*ACTIVITY*:
Please output the lines from the one with "Haushaltsauflösung und Entrümpelung" through the end of the data exactly as written, omitting all pictures.

*DATA SEGMENT*:
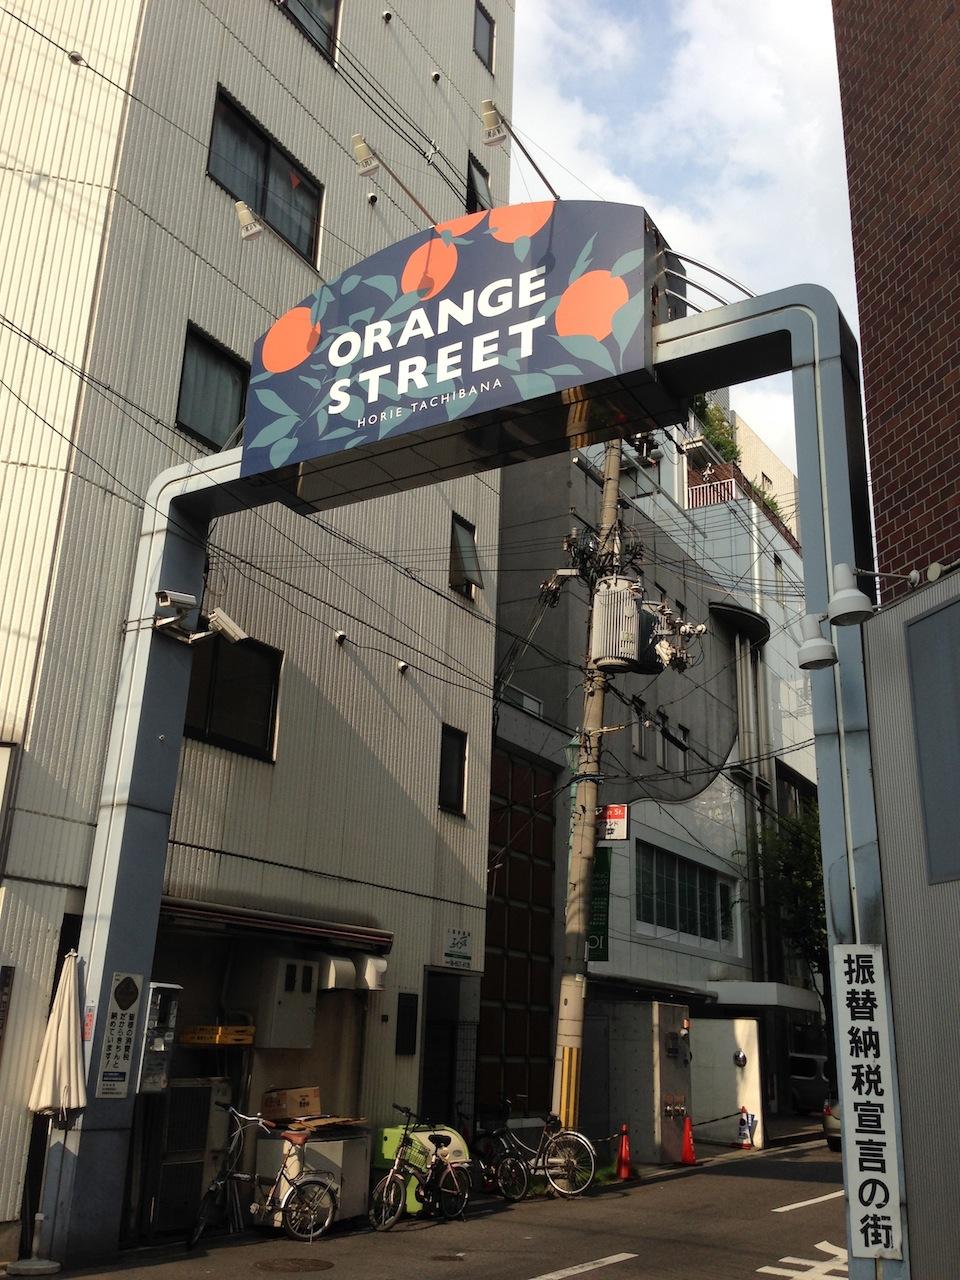 南堀江と言えば橘通(オレンジストリート)今日は敢えてここからはずれた脇道を散策
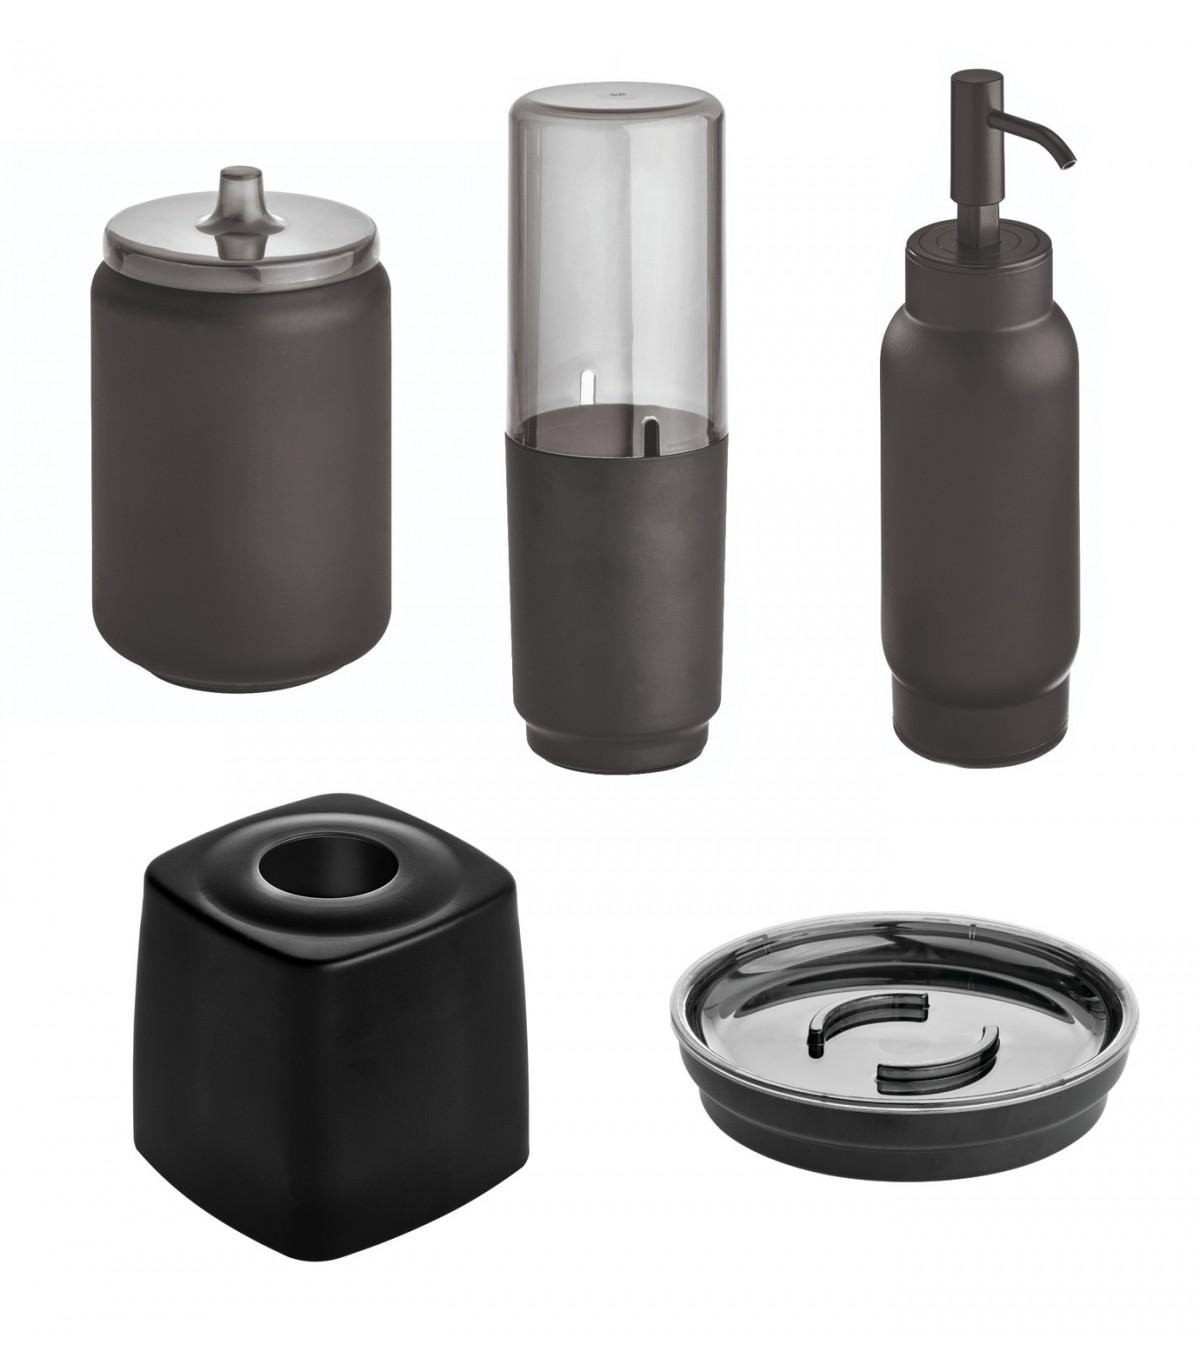 Ensemble d'accessoires de lavabo pour salle de bain - Noir
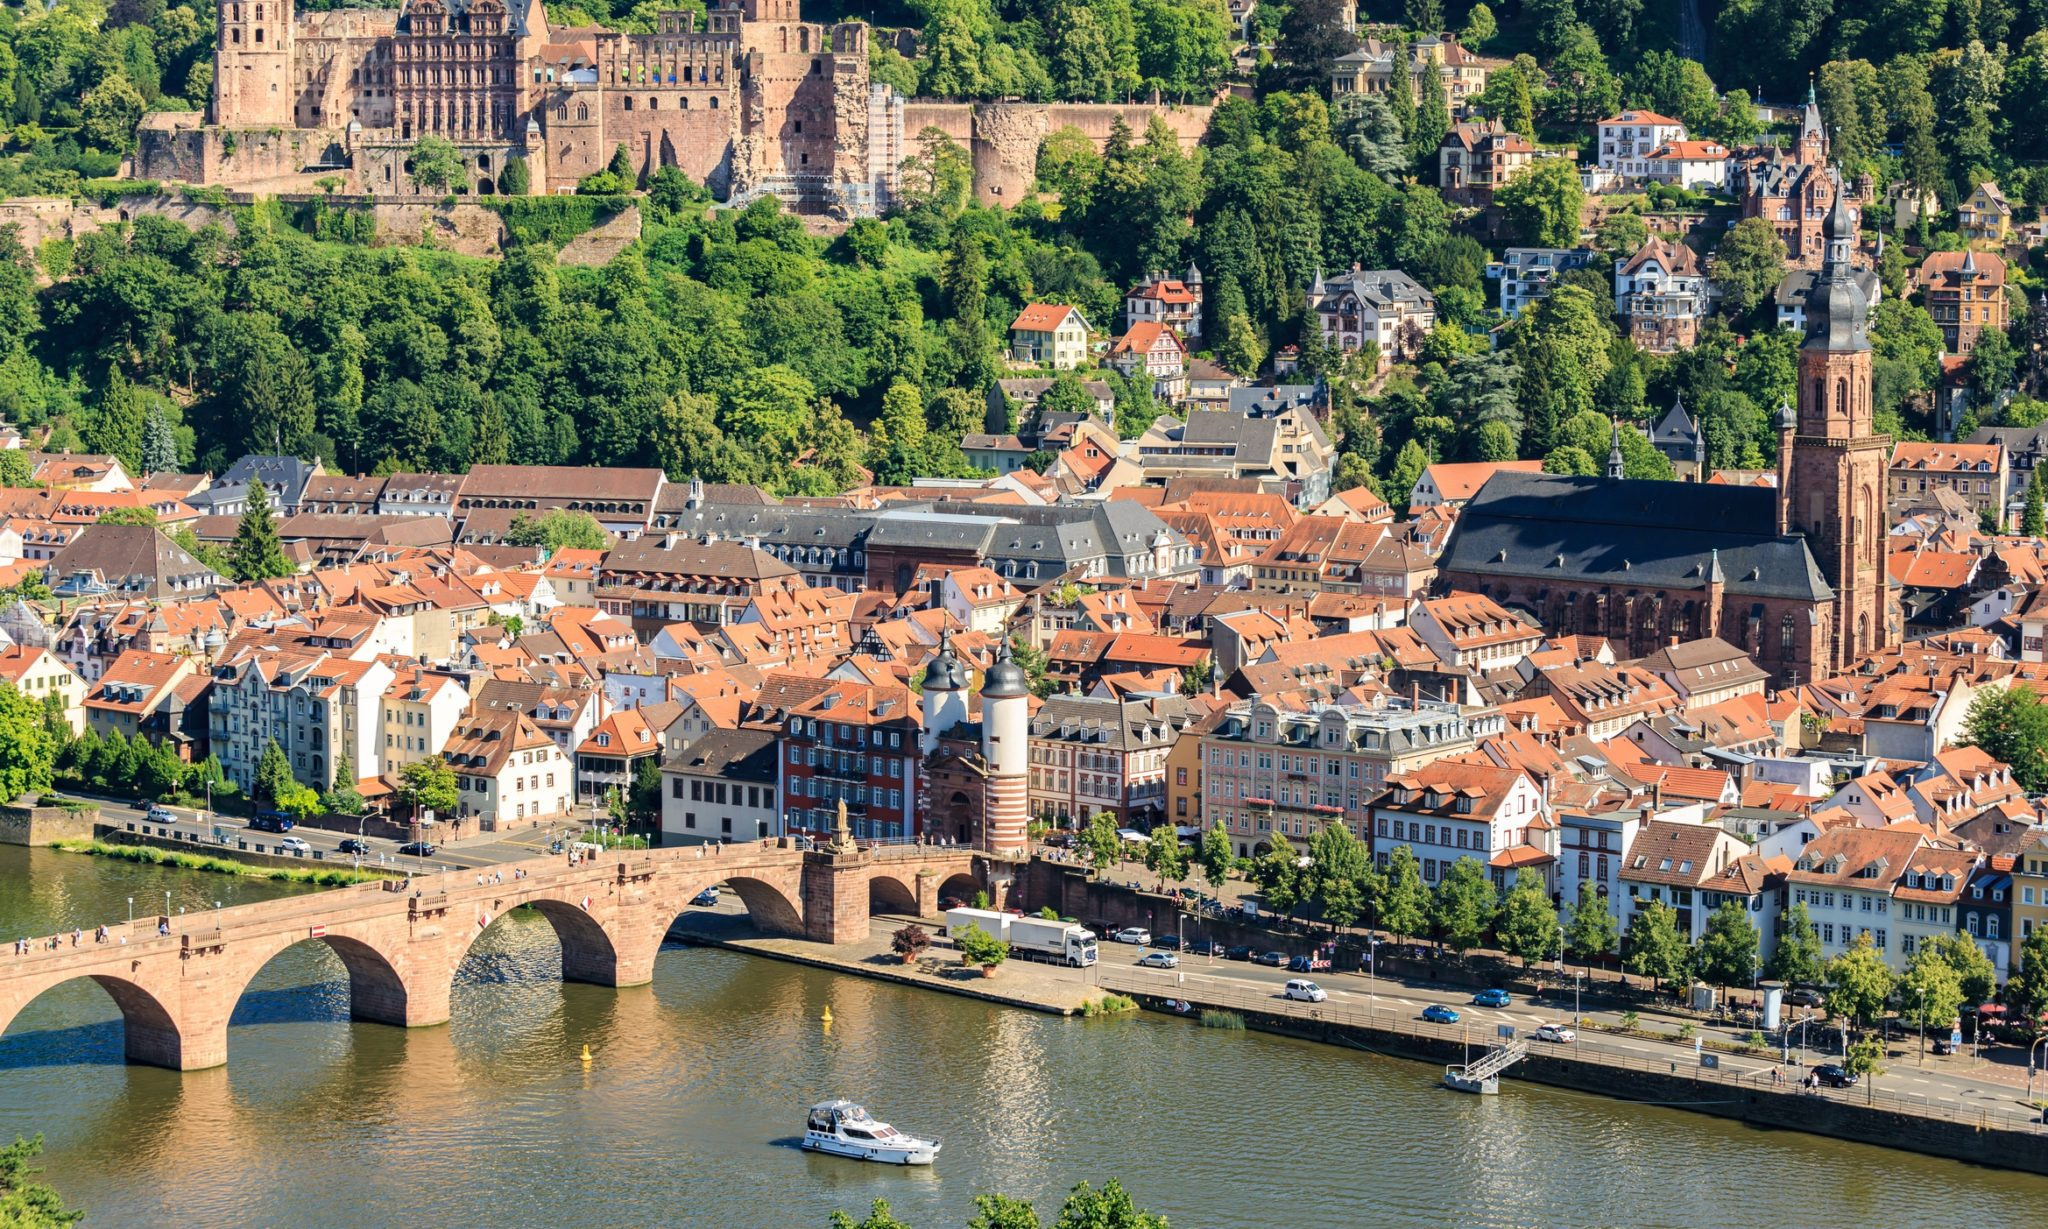 Haushaltsauflösung und Entrümpelung in Heidelberg
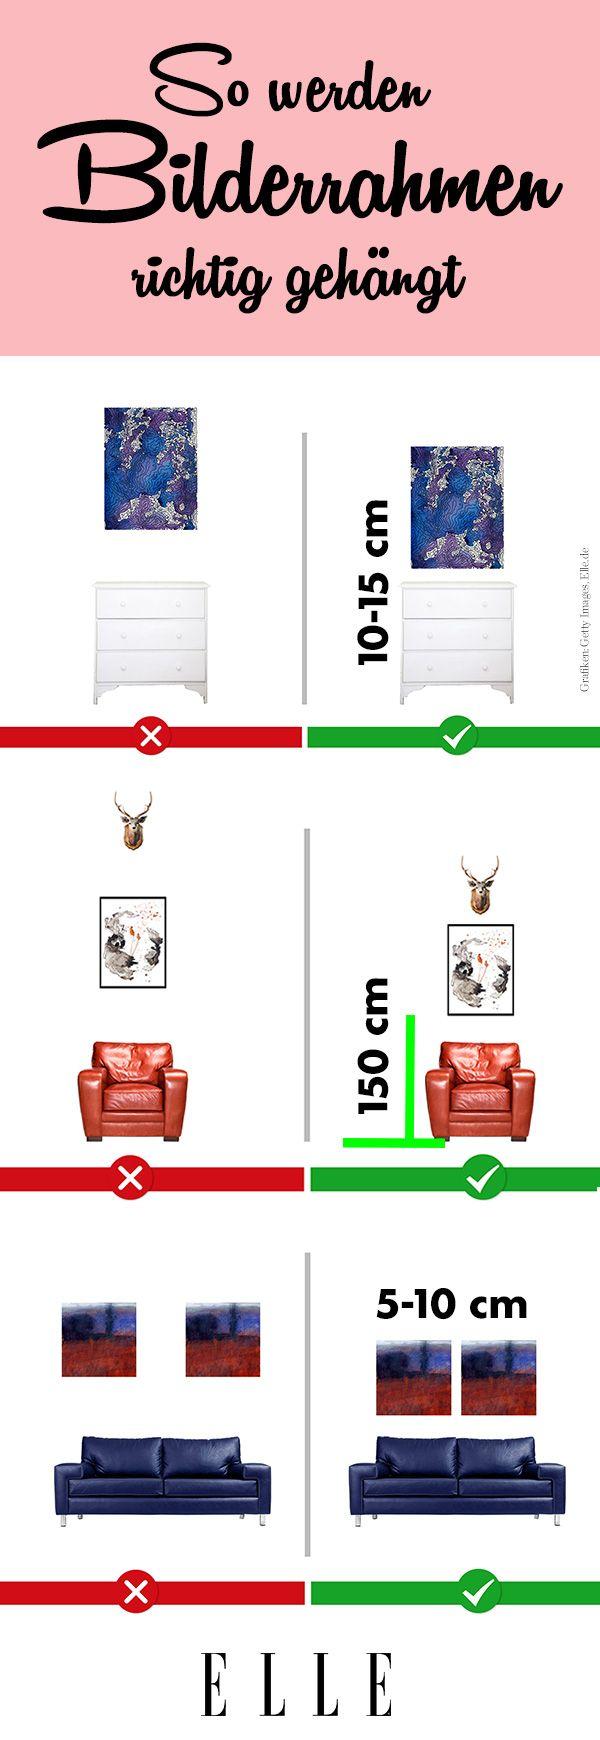 ägyptisches badezimmerdekor bilder aufhängen so findest du die ideale höhe  composición

*WRITTEN RESPONSE*:
 Haushaltsauflösung und Entrümpelung in Heidelberg
 ägyptisches badezimmerdekor bilder aufhängen so findest du die ideale höhe  composición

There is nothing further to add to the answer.